### Data in this exercise

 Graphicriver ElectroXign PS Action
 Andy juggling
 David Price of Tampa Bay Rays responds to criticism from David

--

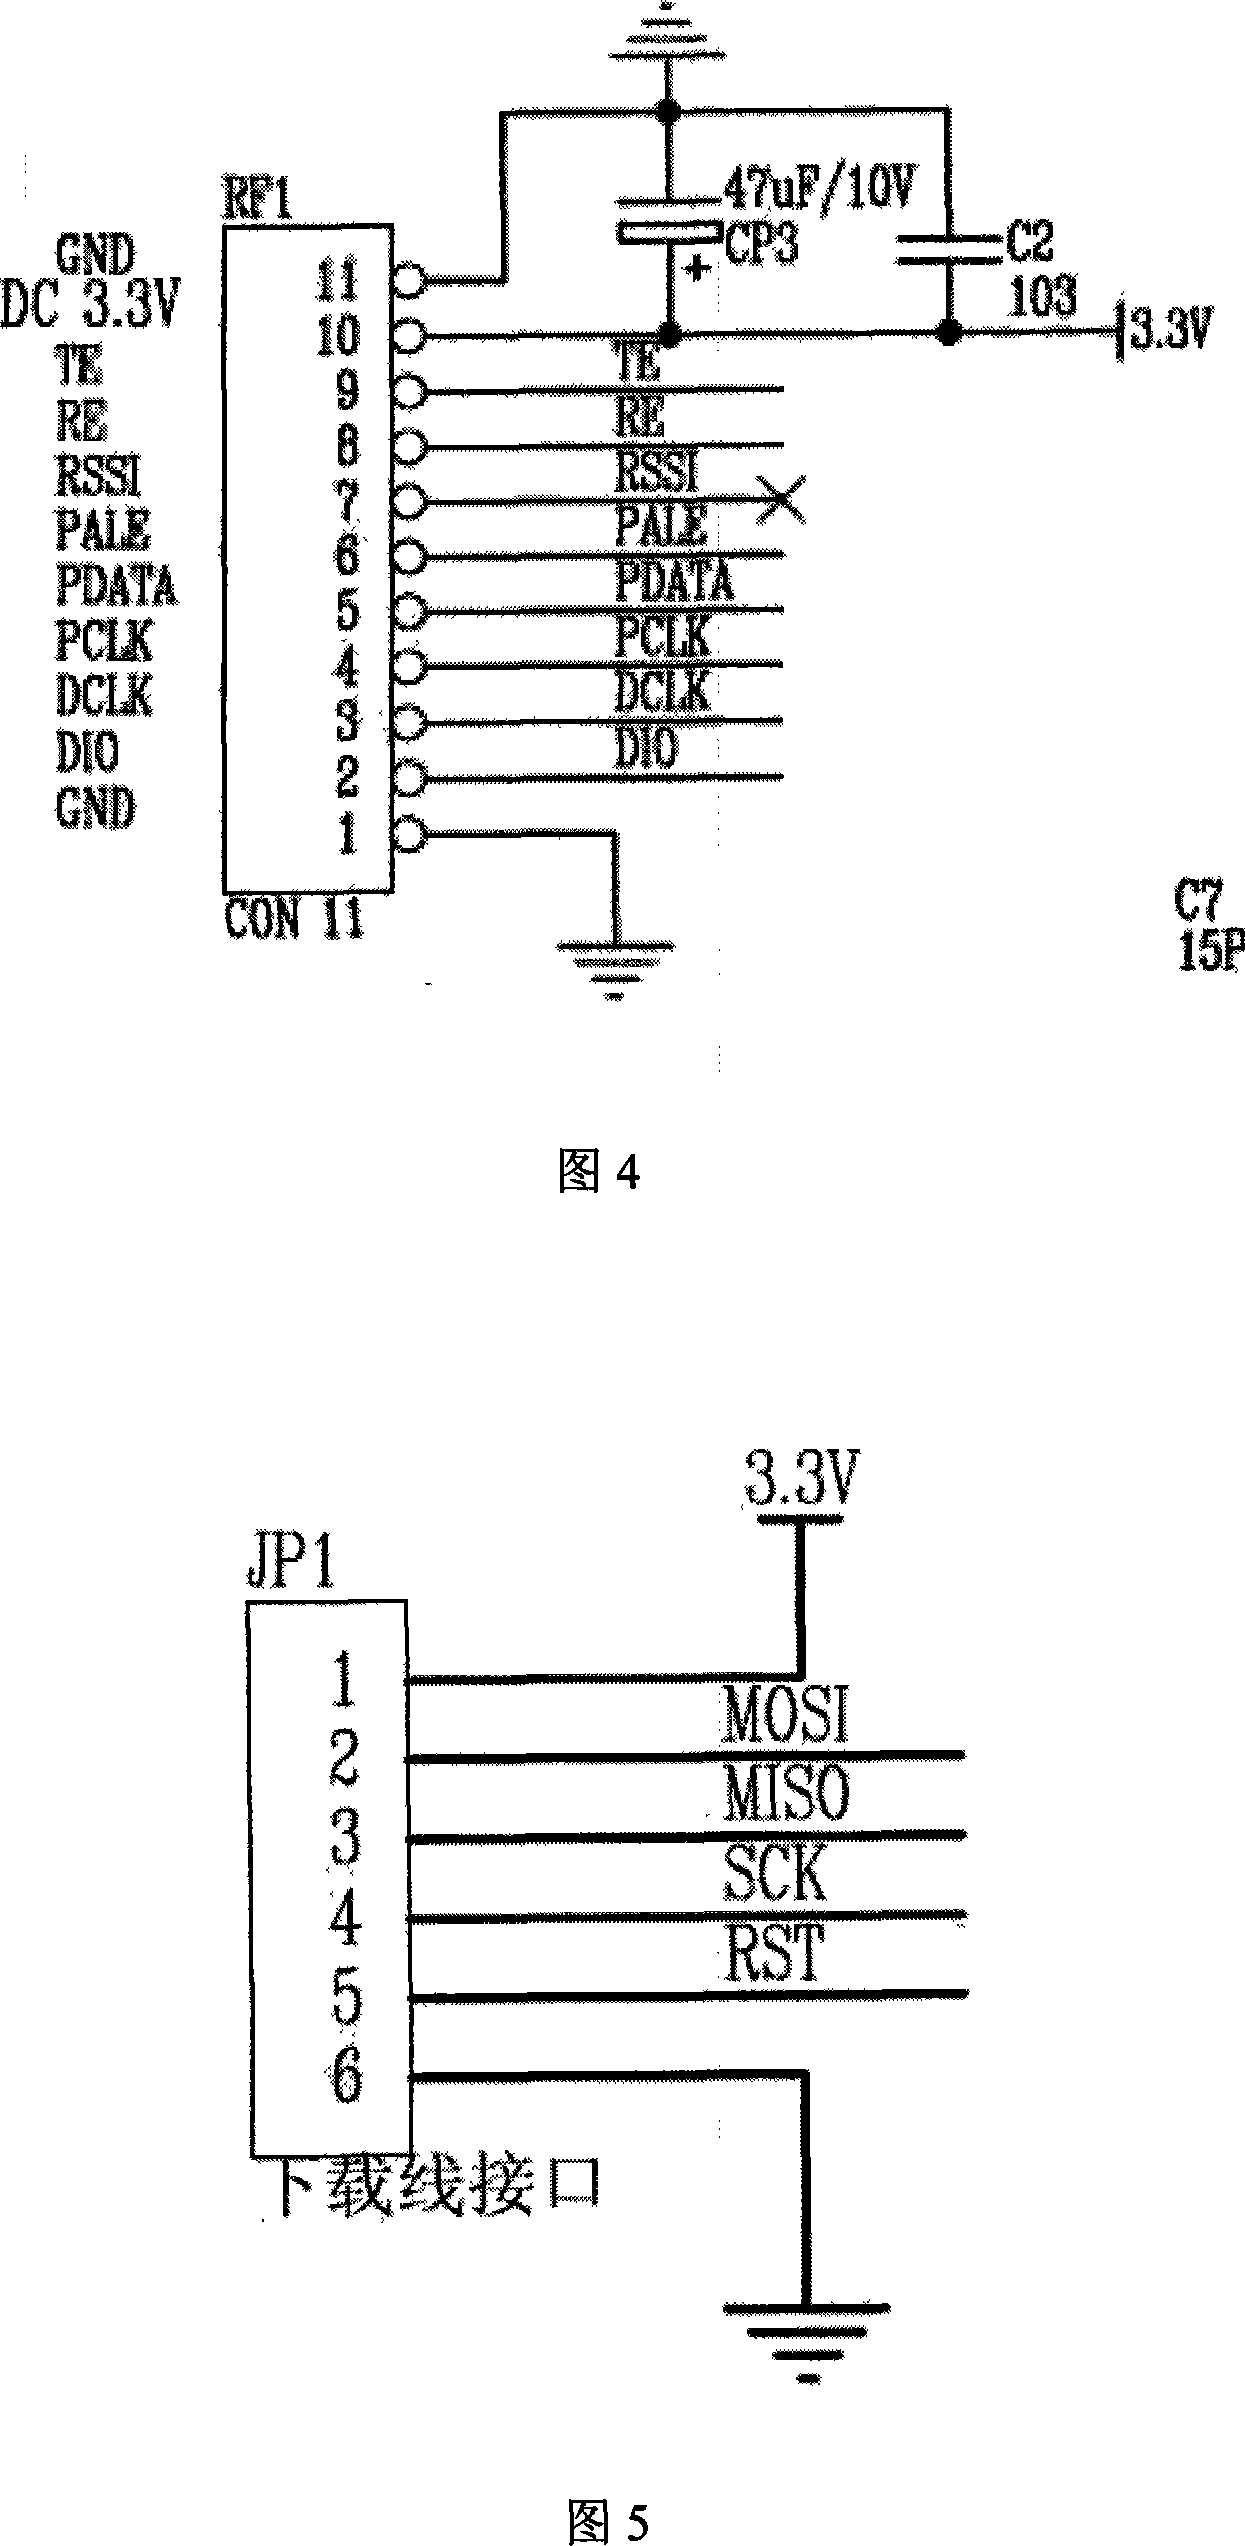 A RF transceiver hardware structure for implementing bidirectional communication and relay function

### Your assignment
Please transcribe exactly the lines above from the line that has "Andy juggling" up to and including the line that has "David Price of"; no other line belongs in the answer.

### Completed exercise
 Andy juggling
 David Price of Tampa Bay Rays responds to criticism from David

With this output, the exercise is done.